TO DO | Output the data below only from the line containing "Après le 3008, révélation" up to and including the line containing "RE-TBC2 Telecamera con", exact and with the pictures left out.

RECORD EXTRACTS |
- Opening Delimiter -

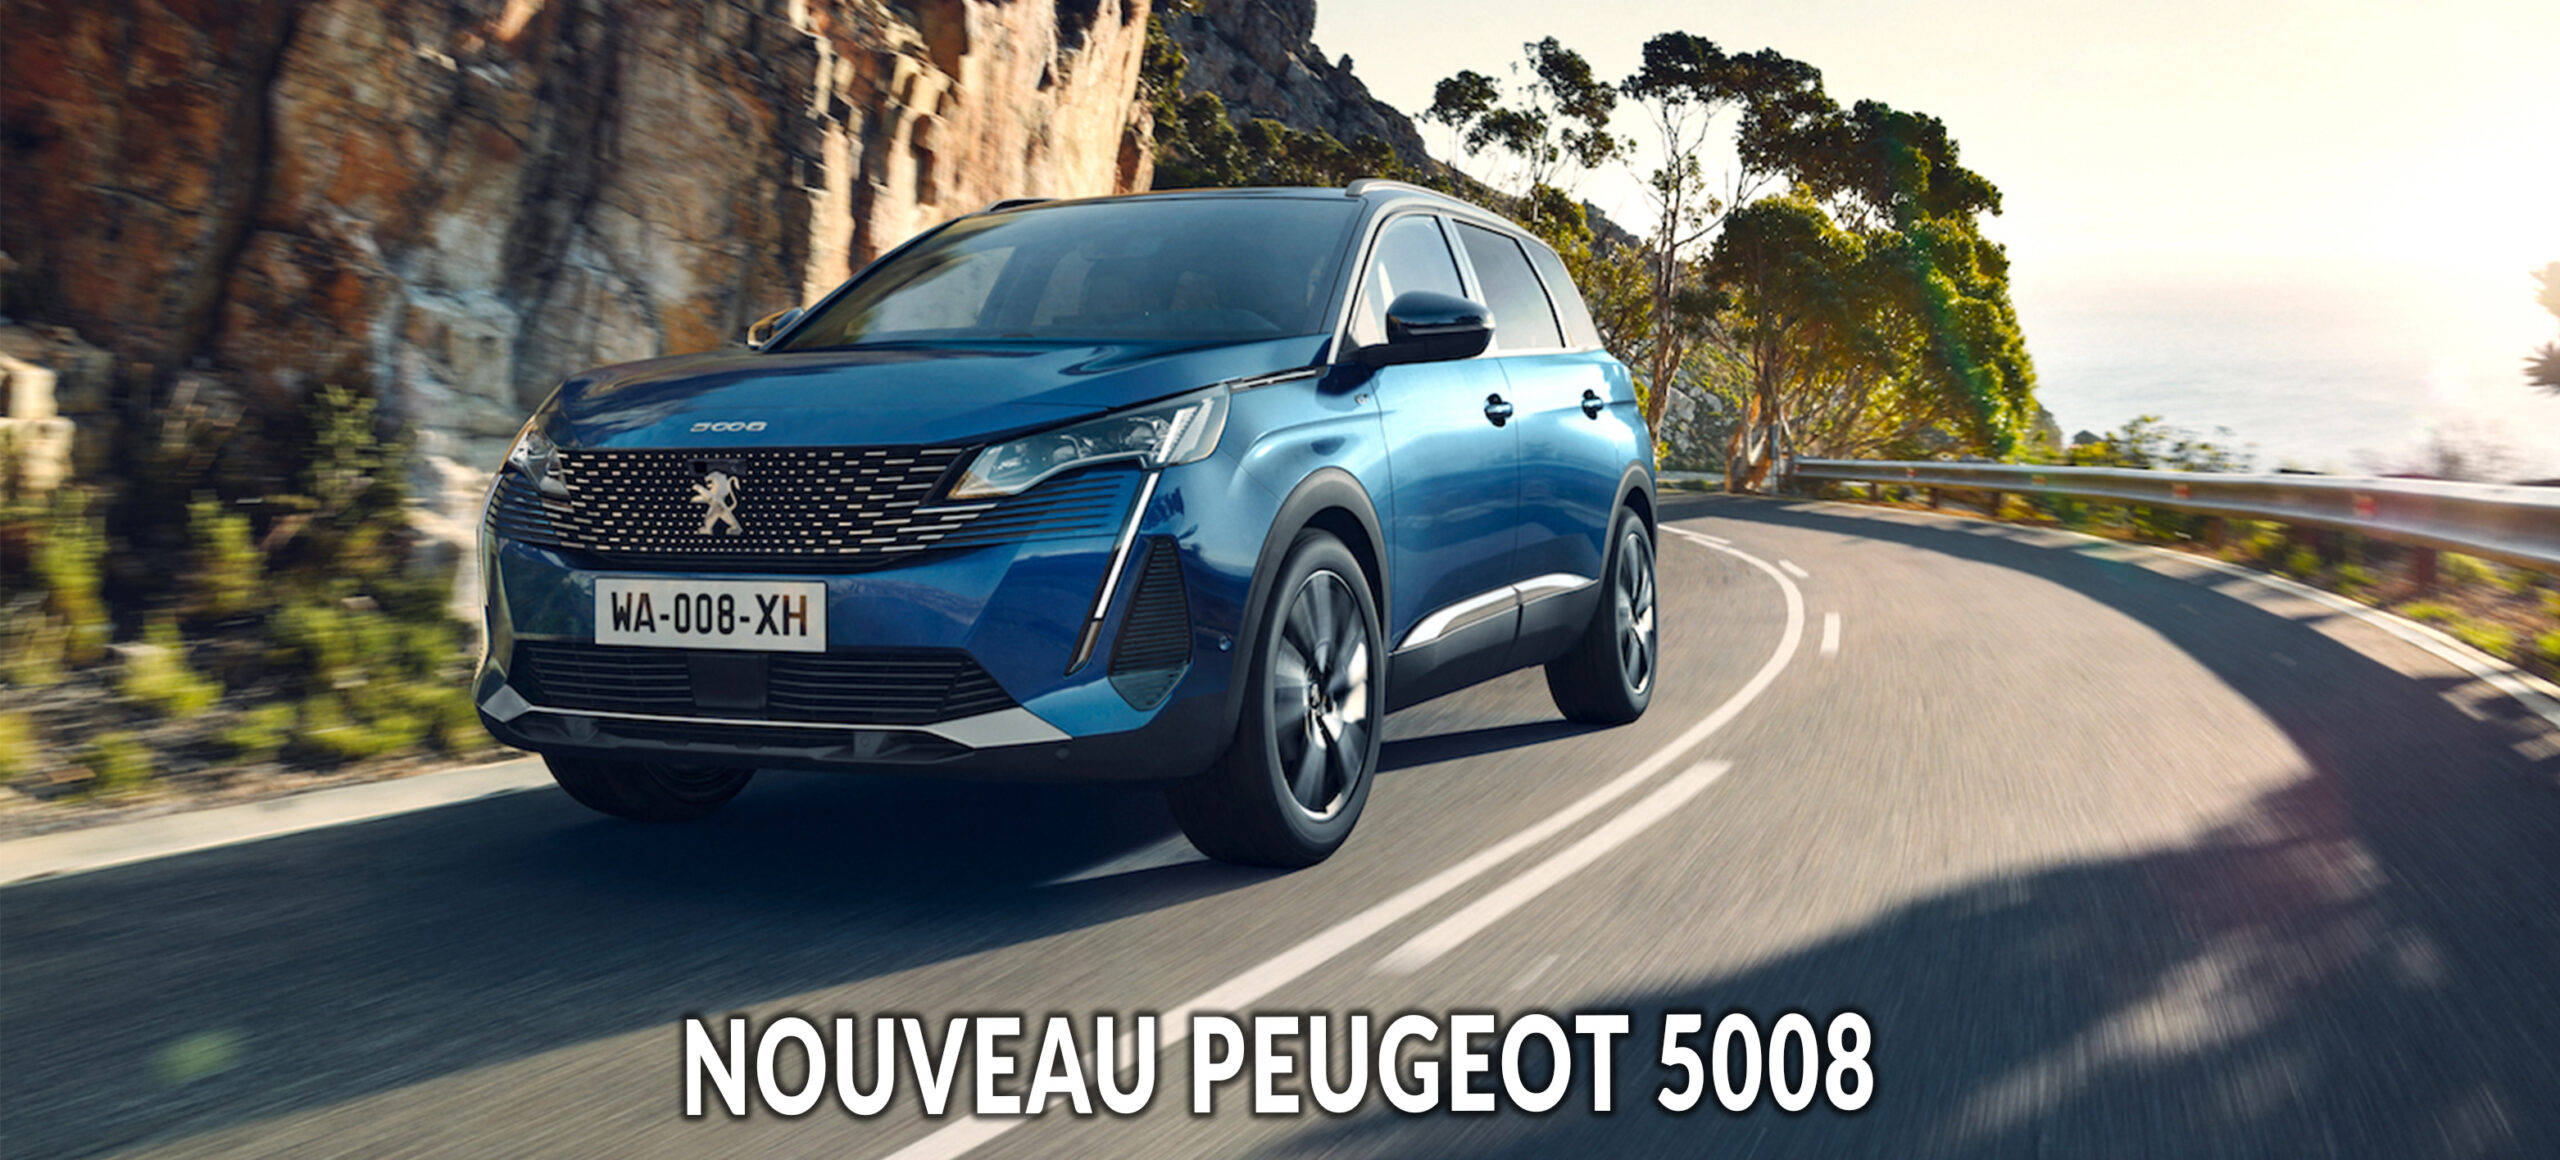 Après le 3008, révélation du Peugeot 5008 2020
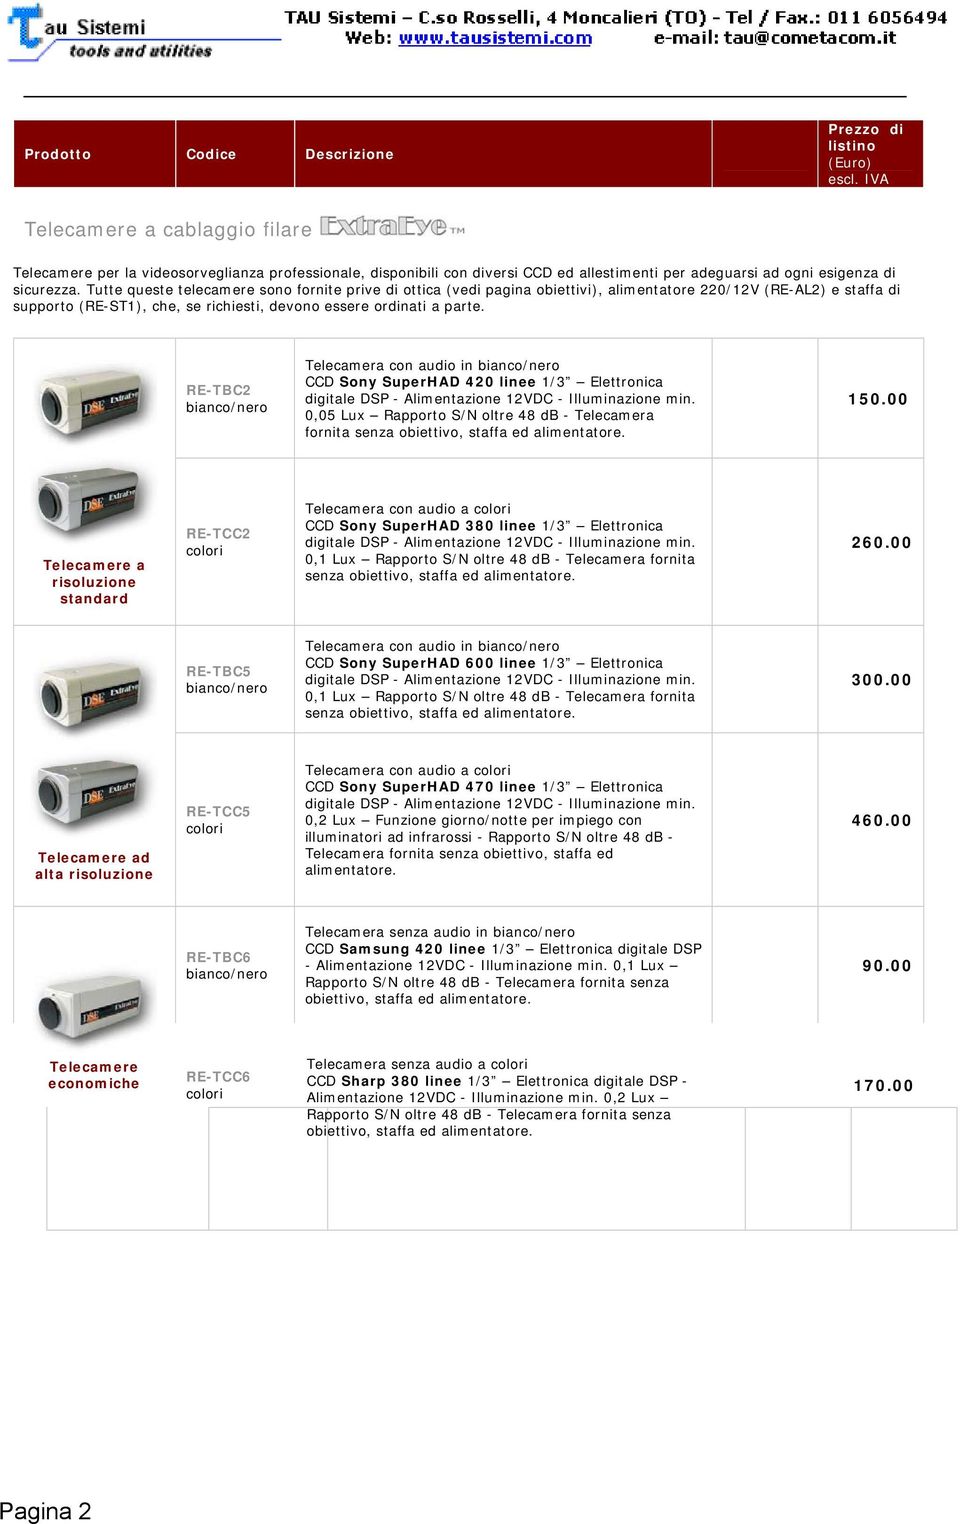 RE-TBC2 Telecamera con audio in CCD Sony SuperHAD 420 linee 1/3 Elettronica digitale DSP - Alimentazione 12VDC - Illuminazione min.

- Closing Delimiter -
- Opening Delimiter -

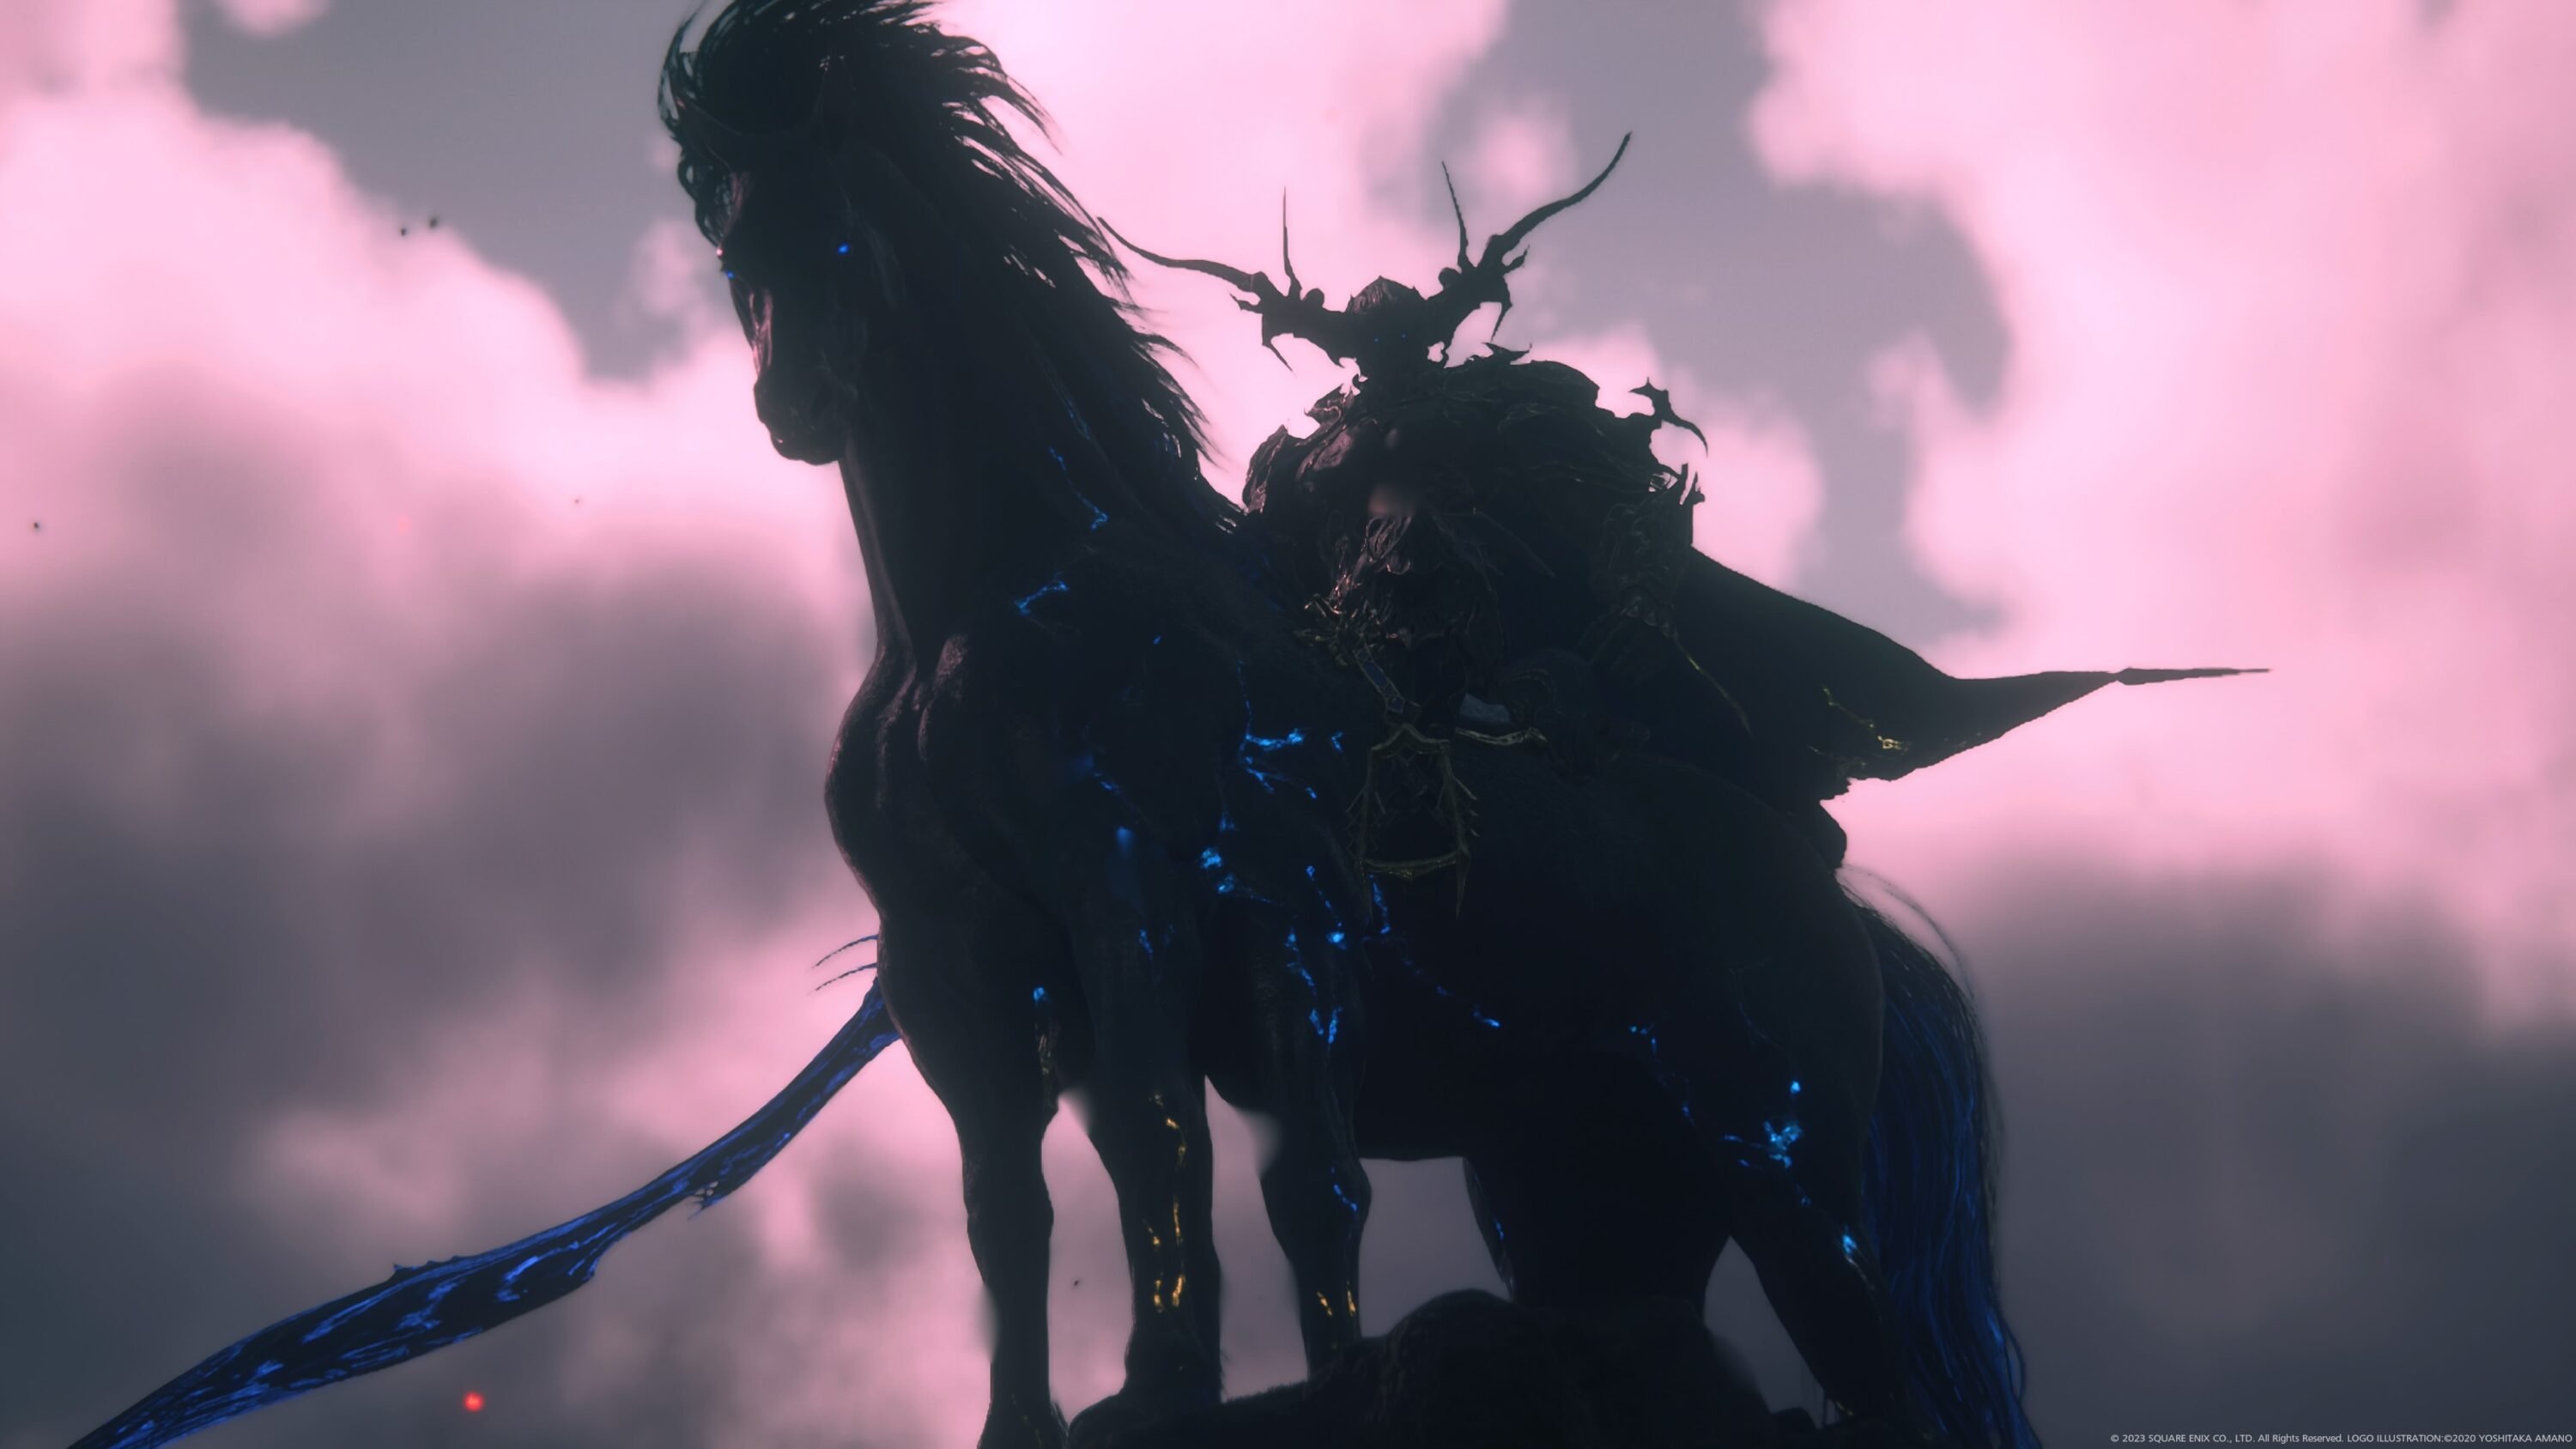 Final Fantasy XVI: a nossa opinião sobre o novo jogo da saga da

- Closing Delimiter -
- Opening Delimiter -

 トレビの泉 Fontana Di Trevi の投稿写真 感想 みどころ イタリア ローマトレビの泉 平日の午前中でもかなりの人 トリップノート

- Closing Delimiter -

RESPONSE TO THE TASK |
 Après le 3008, révélation du Peugeot 5008 2020
 RE-TBC2 Telecamera con audio in CCD Sony SuperHAD 420 linee 1/3 Elettronica digitale DSP - Alimentazione 12VDC - Illuminazione min.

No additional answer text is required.